> _Exercise data_
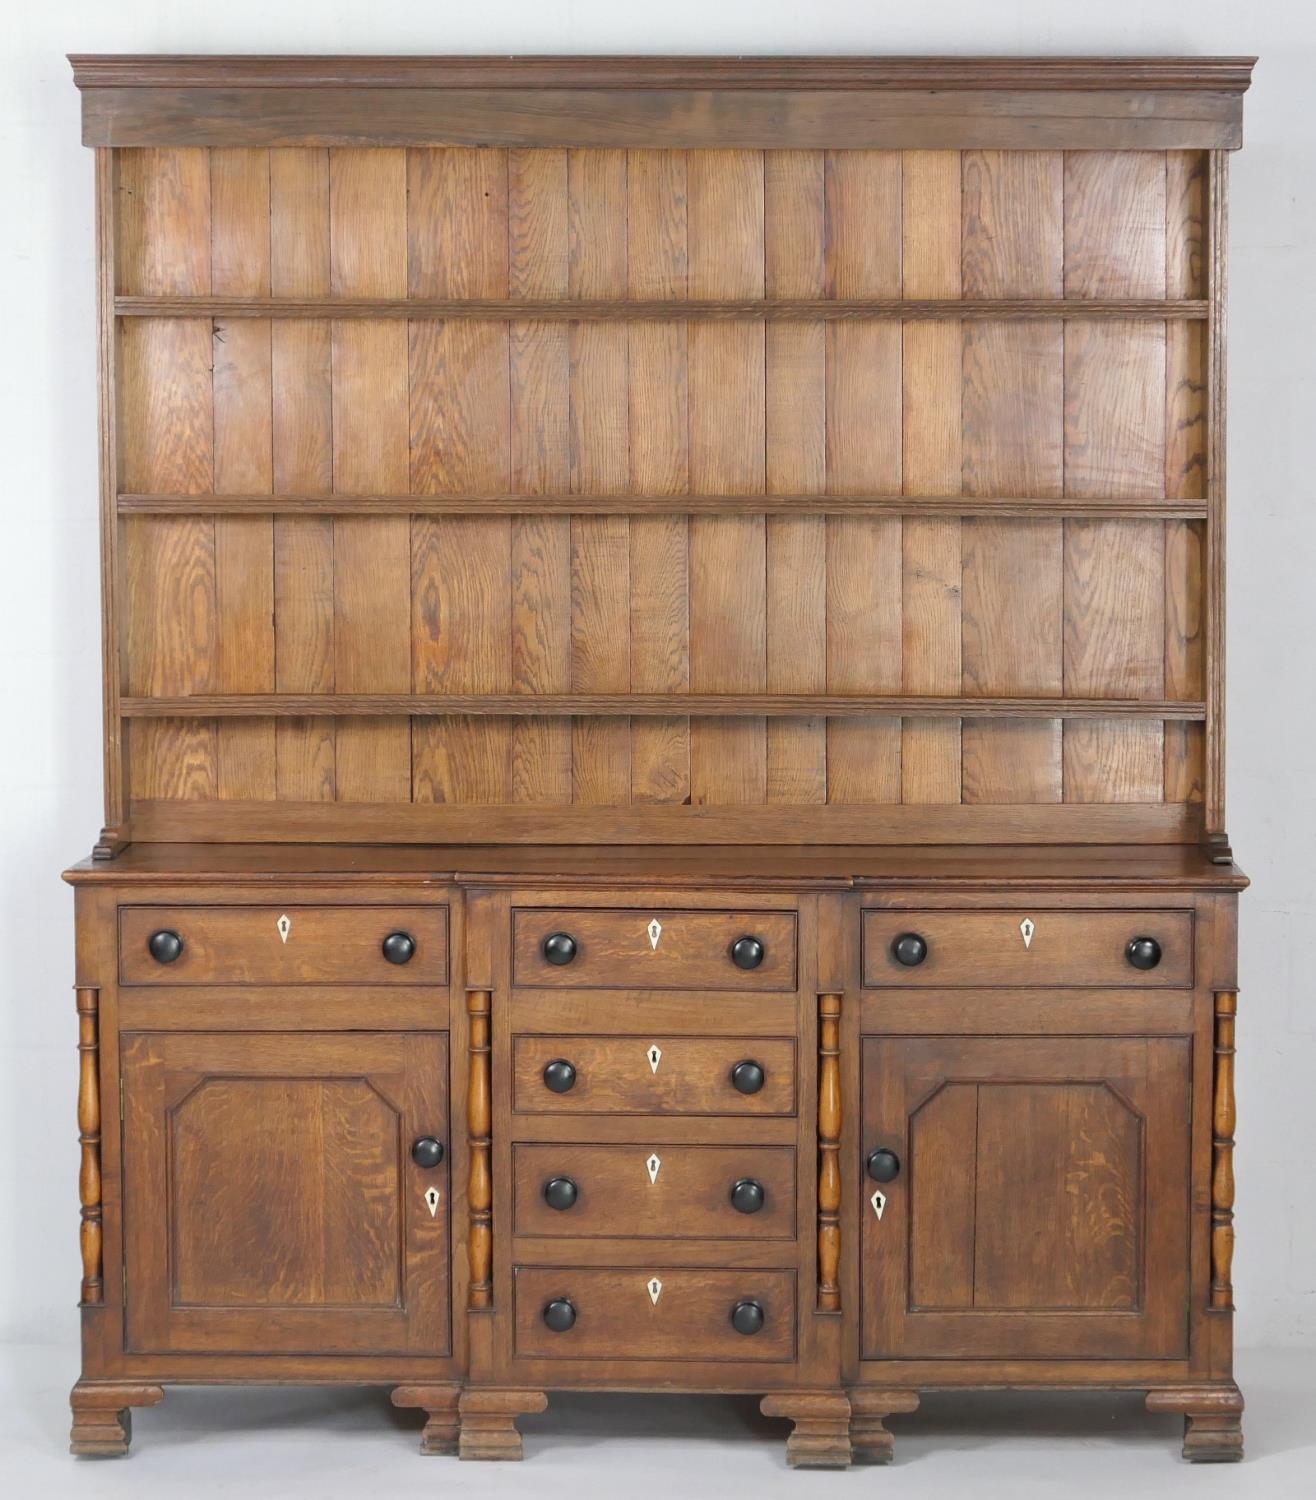 Montgomery oak enclosed dresser, circa 1820-40, with later plate rack, having three shelves over a
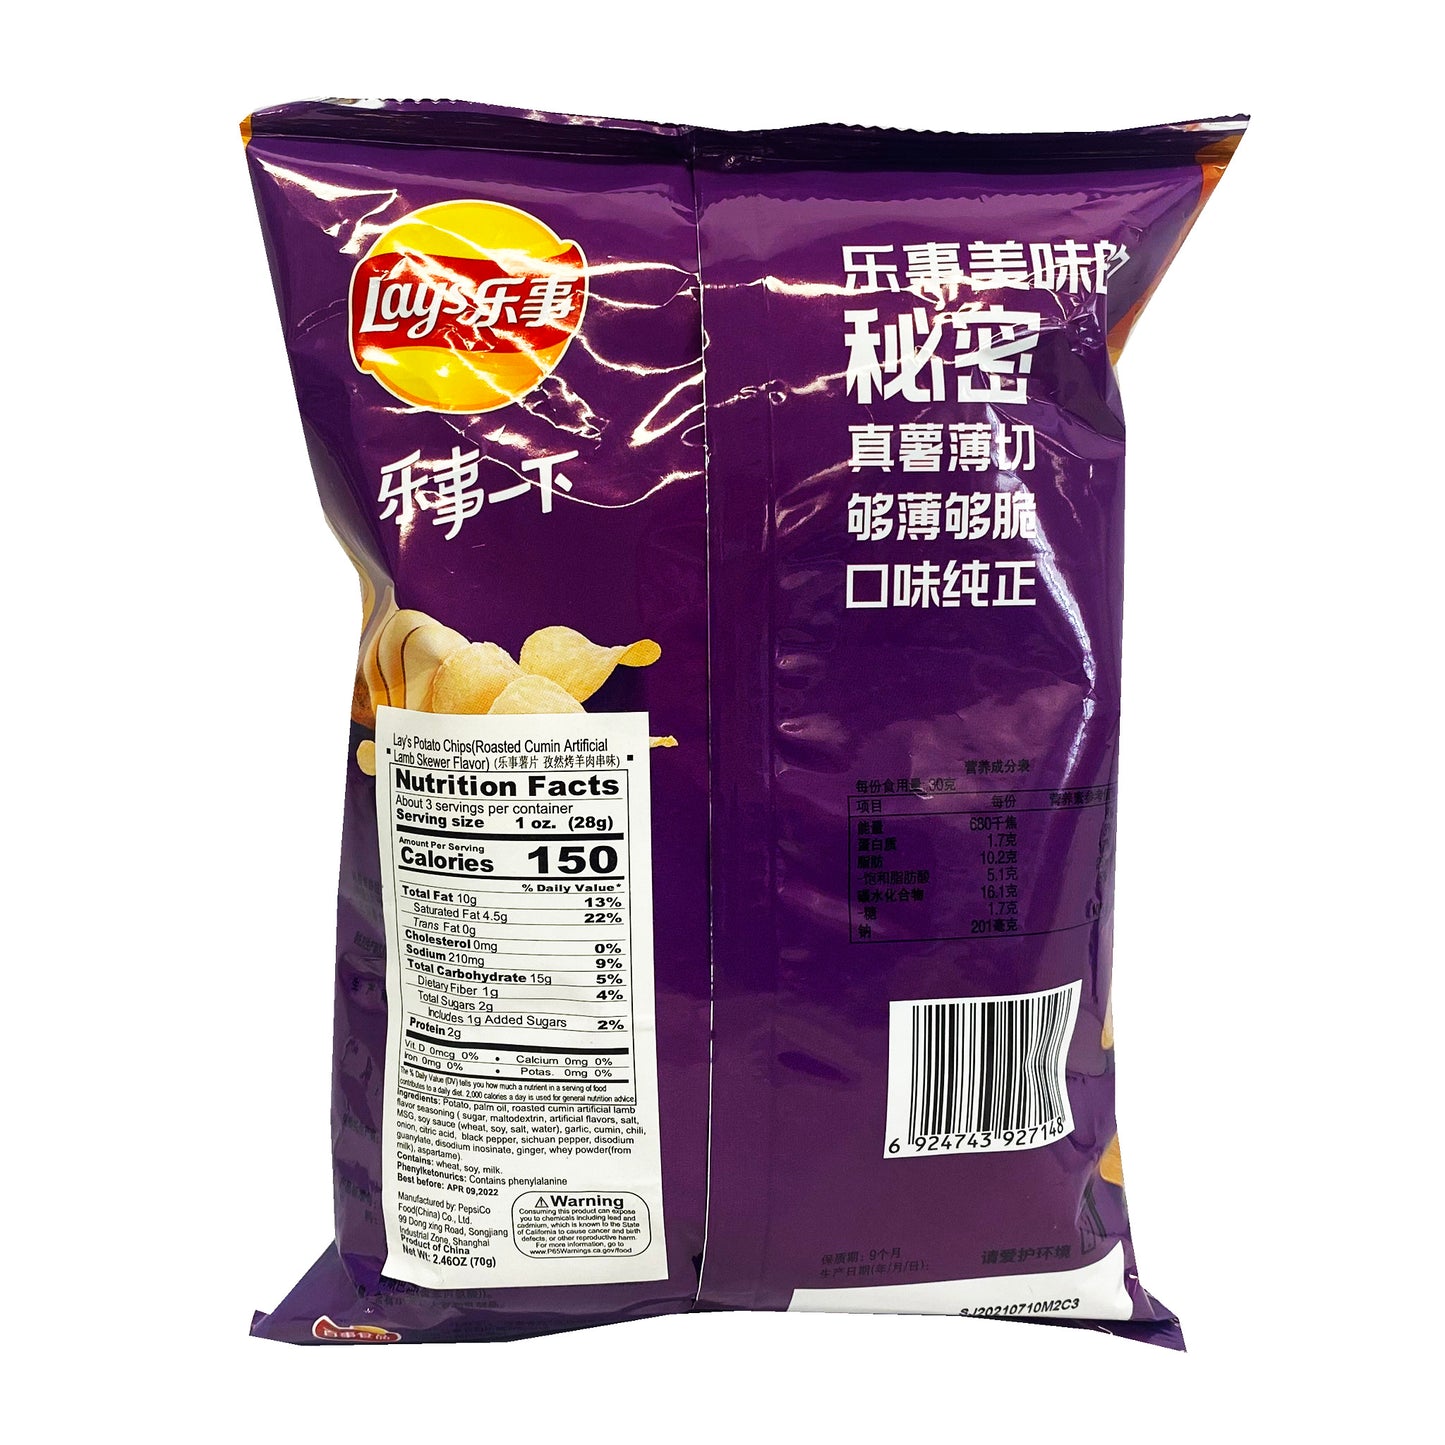 Back graphic image of Lay's Potato Chips - Roasted Cumin Lamb Skewer Flavor 2.46oz (70g) - 乐事薯片 -  孜然烤羊肉串味 2.46oz (70g)
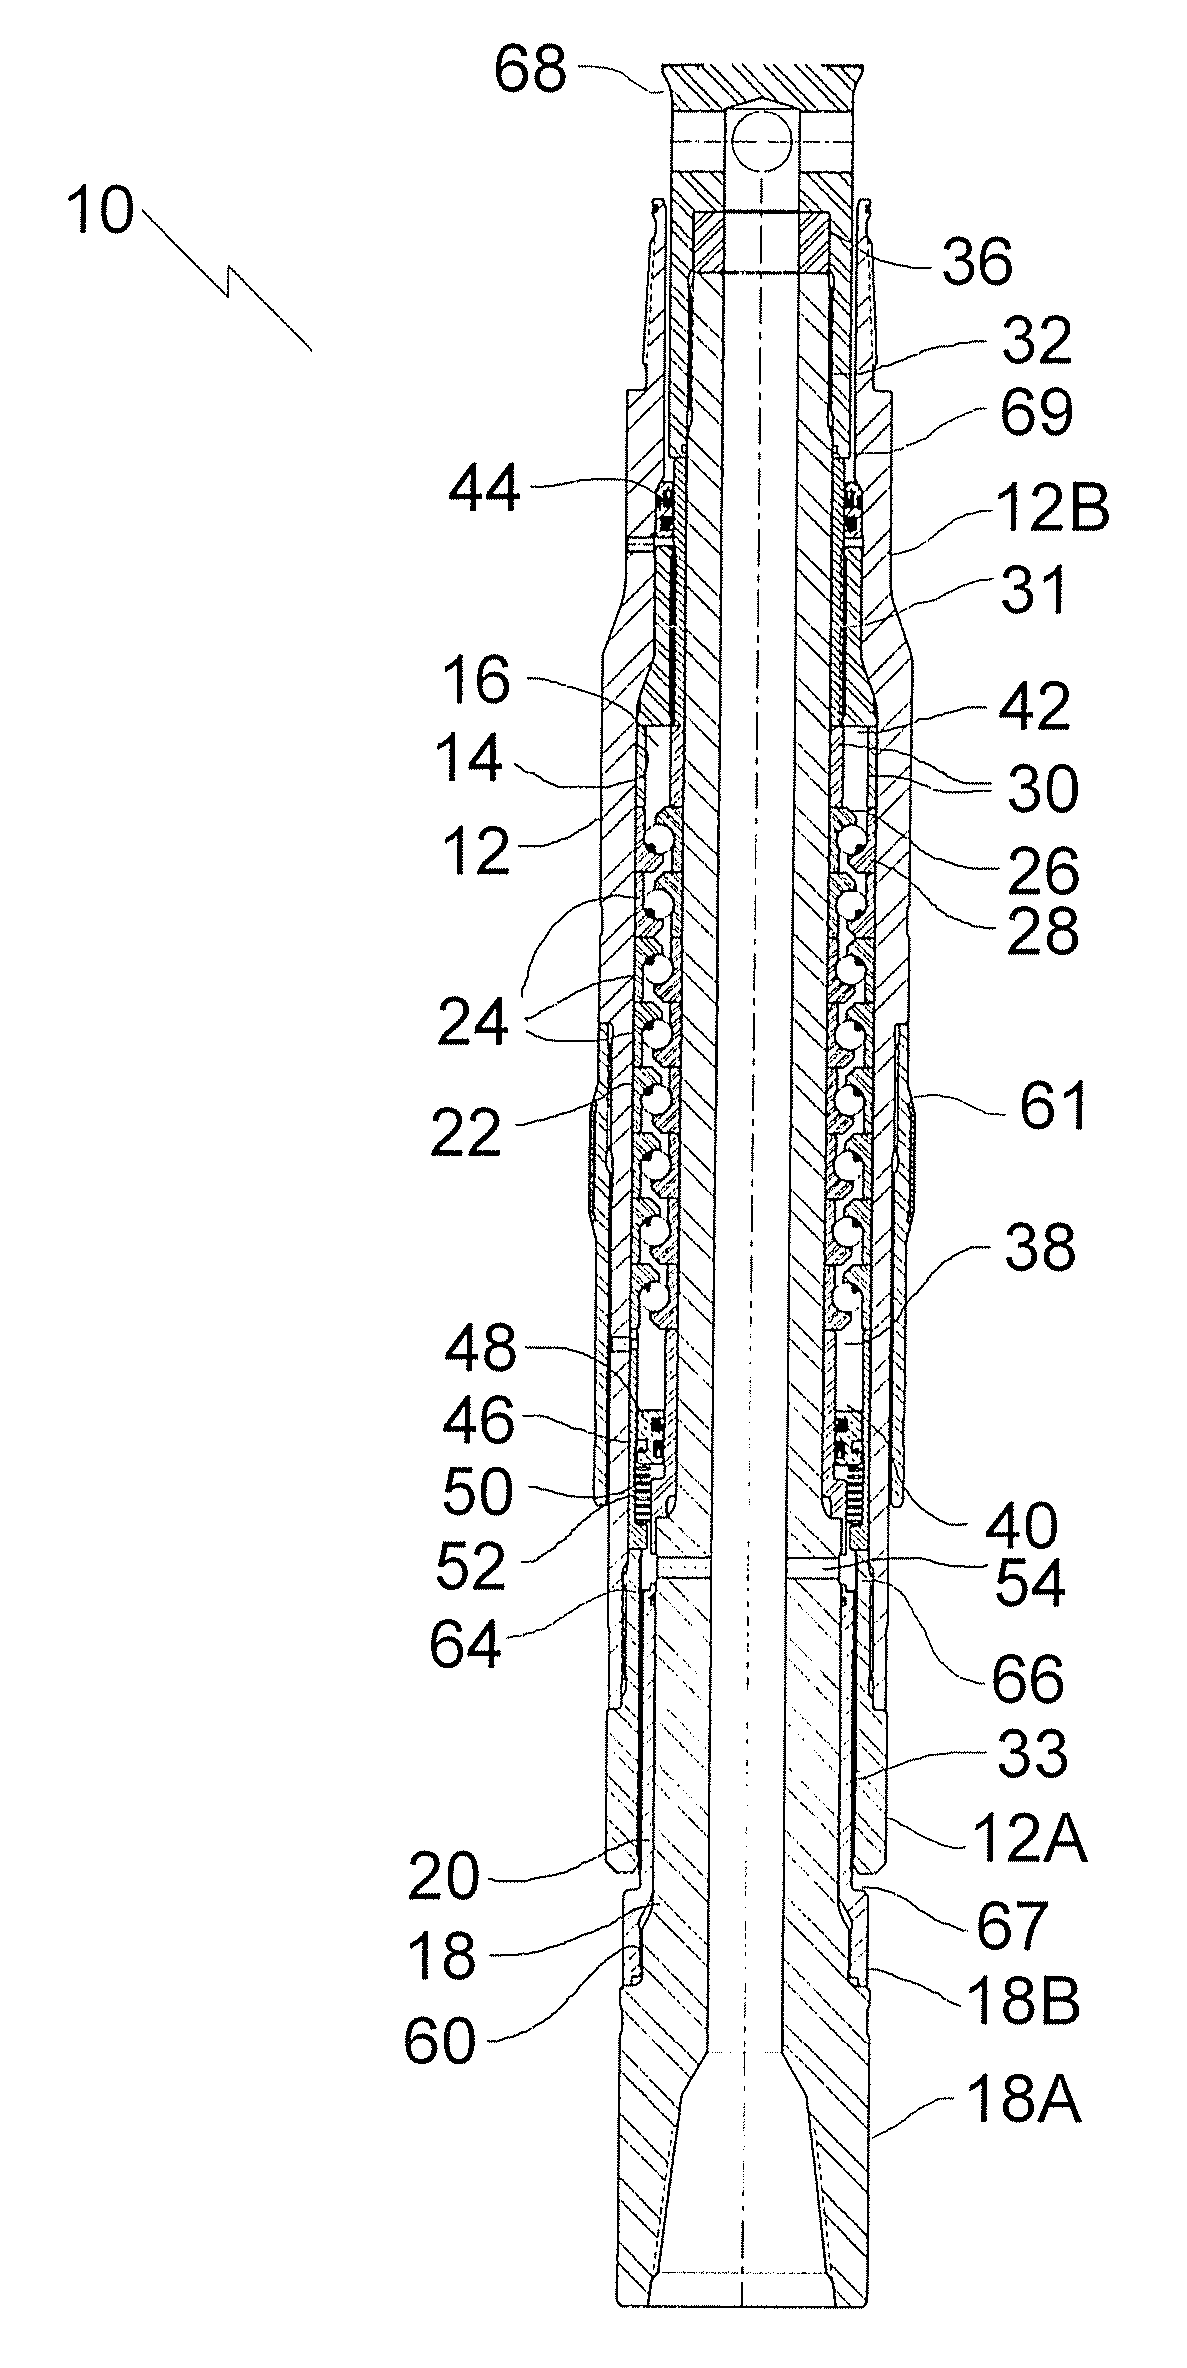 Method of providing a consistent preload on thrust bearings in a bearing assembly
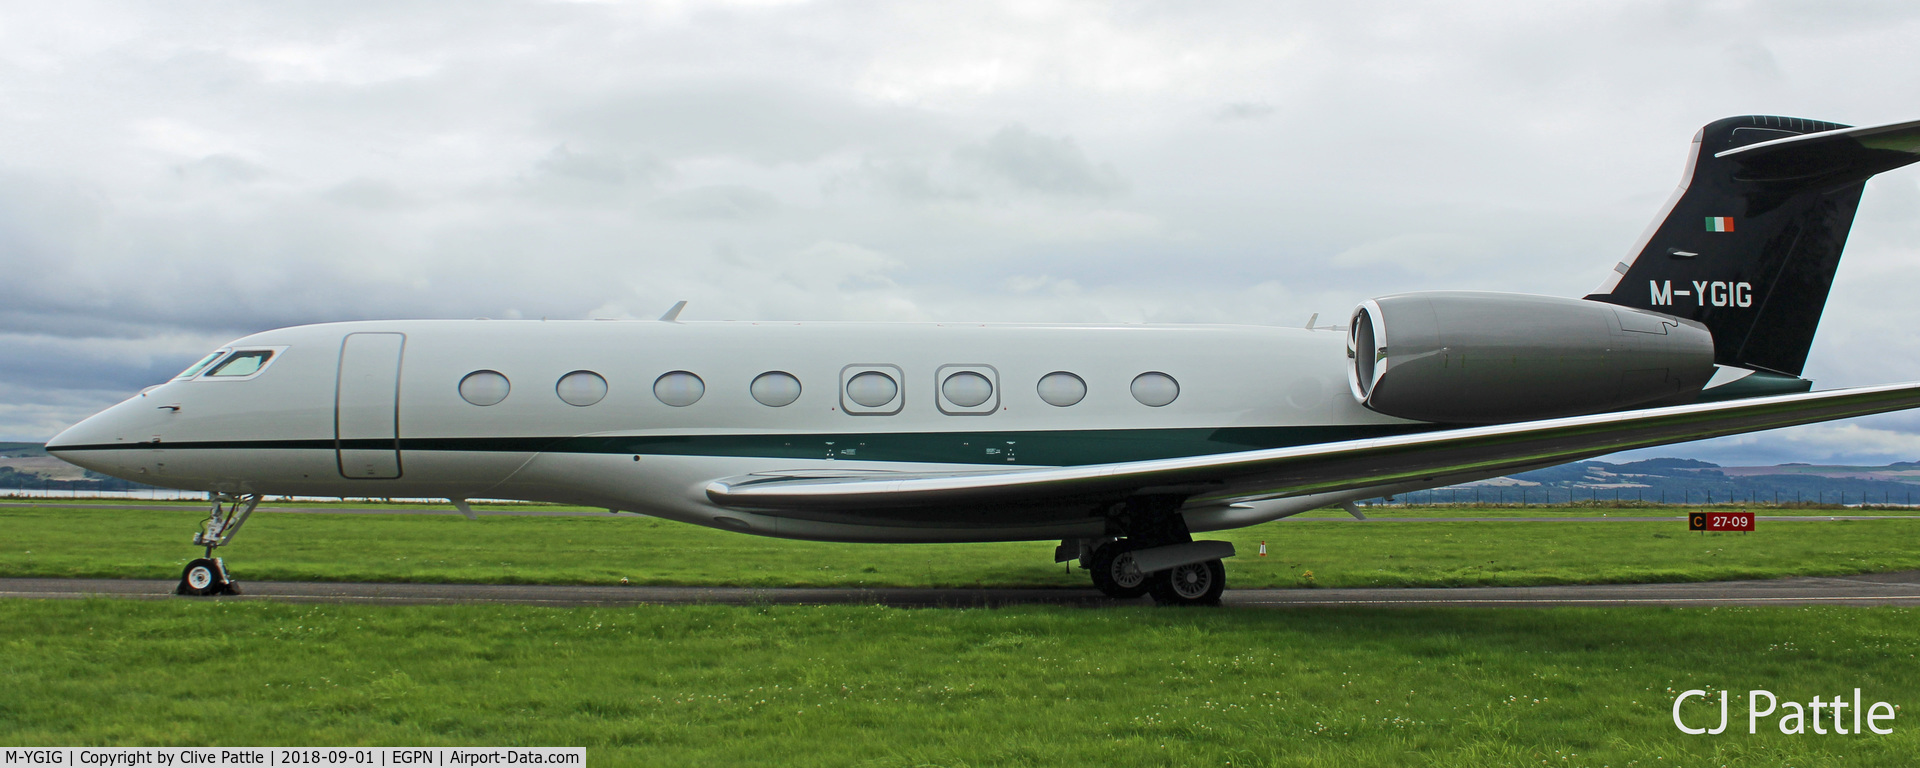 M-YGIG, 2017 Gulfstream G-VI (G650ER) C/N 6305, Parked on the 'Alpha' taxiway at Dundee

> _What to produce_
Omit the pictures and output all of the other material exactly.

> _Expected answer_
 Montgomery oak enclosed dresser, circa 1820-40, with later plate rack, having three shelves over a
 Back graphic image of Lay's Potato Chips - Roasted Cumin Lamb Skewer Flavor 2.46oz (70g) - 乐事薯片 -  孜然烤羊肉串味 2.46oz (70g)
 Method of providing a consistent preload on thrust bearings in a bearing assembly
 M-YGIG, 2017 Gulfstream G-VI (G650ER) C/N 6305, Parked on the 'Alpha' taxiway at Dundee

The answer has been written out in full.